Optionally, the BSR procedure specifically includes:

for each of the packets, maintaining a BSR-related timer for the packet;

and for each group, independently judging whether the logic channel corresponding to the group meets the triggering condition of the Sildelink BSR.

Optionally, the BSR procedure further includes organizing the Sidelink BSR MAC CE in one of the following ways:

carrying corresponding buffer area state information of all groups for the Sidelink BSR MAC CE triggered by any group;

and reporting the Sidelink BSR MAC CEs triggered by different groups independently, and distinguishing the groups corresponding to the Sidelink BSR MAC CEs through physical resources used by the Sidelink BSR MAC CEs on a Uu interface or through Logical Channel Identifiers (LCIDs) of media access control MAC subheaders corresponding to the Sidelink BSR MAC CEs.

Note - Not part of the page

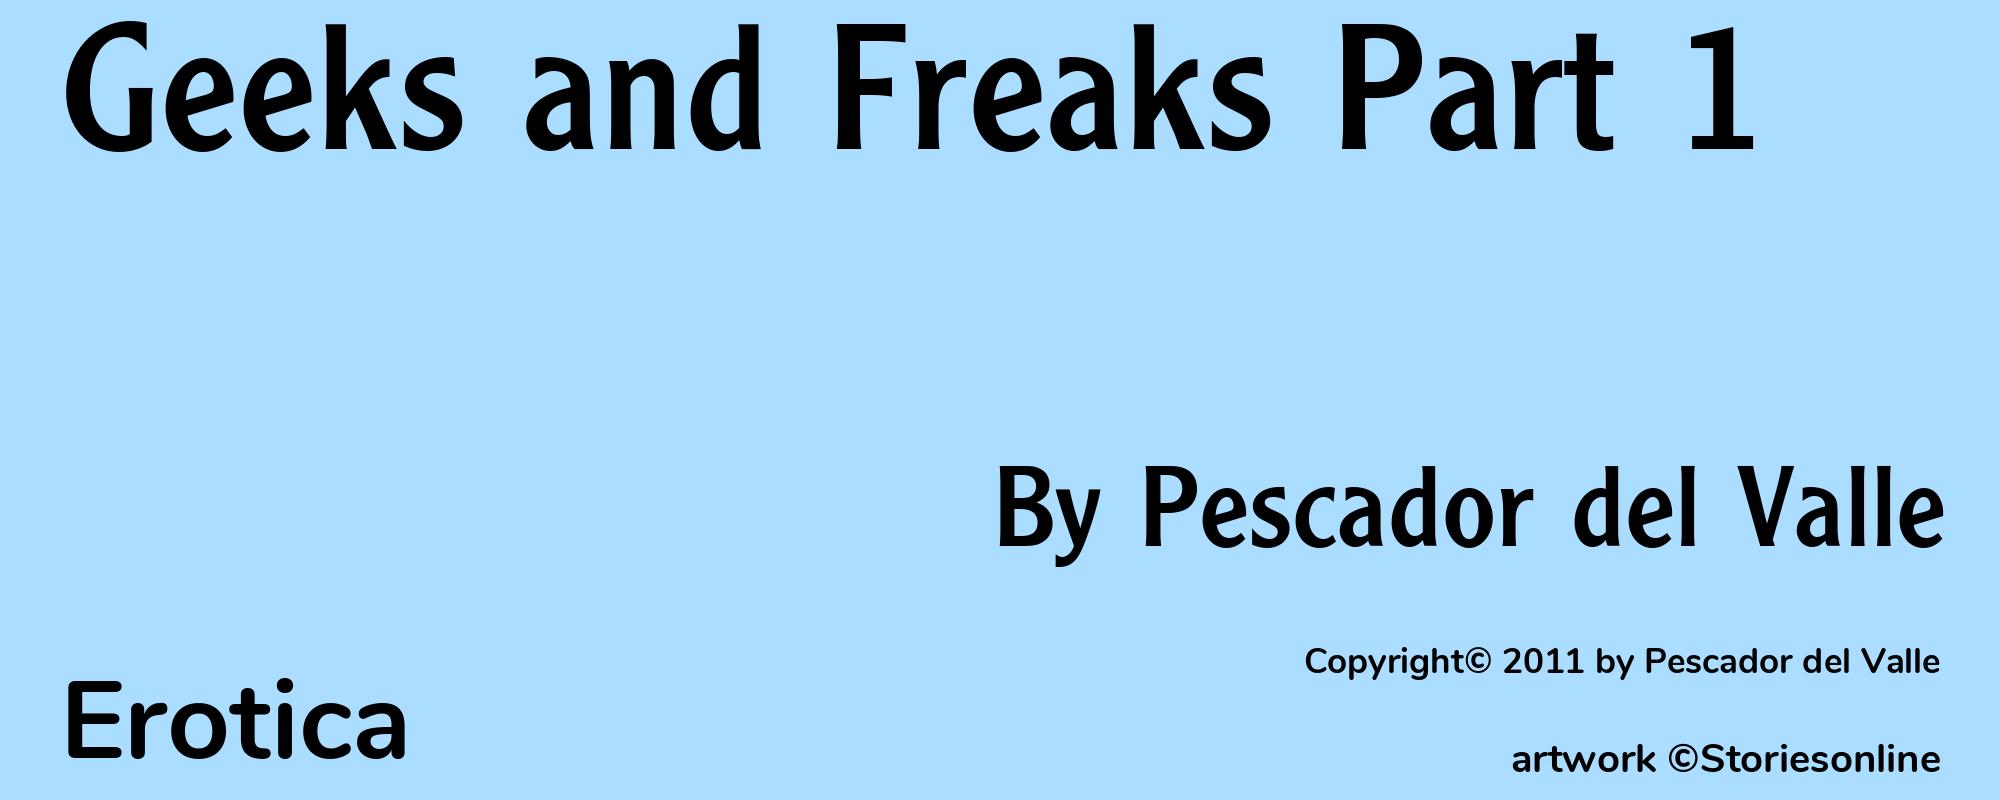 Geeks and Freaks Part 1 - Cover

Optionally, the sildelink BSR MAC CE triggered by any packet carries corresponding buffer status information of all packets, and specifically includes:

adding bitmap in the Sidelink BSR MAC CE to indicate which grouped buffer area state information the Sidelink BSR MAC CE carries;

or, adding indication information in the MAC subheader corresponding to the Sidelink BSR MAC CE to indicate which packets of buffer status information the Sidelink BSR MAC CE carries.

Optionally, the SR process specifically includes:

configuring a plurality of sets of SR resources for each group;

for each group, when the logic channel corresponding to the group meets the Regular BSR triggering condition, SR triggering judgment is carried out;

for each packet, if the SR is triggered, an SR resource is selected from among SR resources corresponding to the packet.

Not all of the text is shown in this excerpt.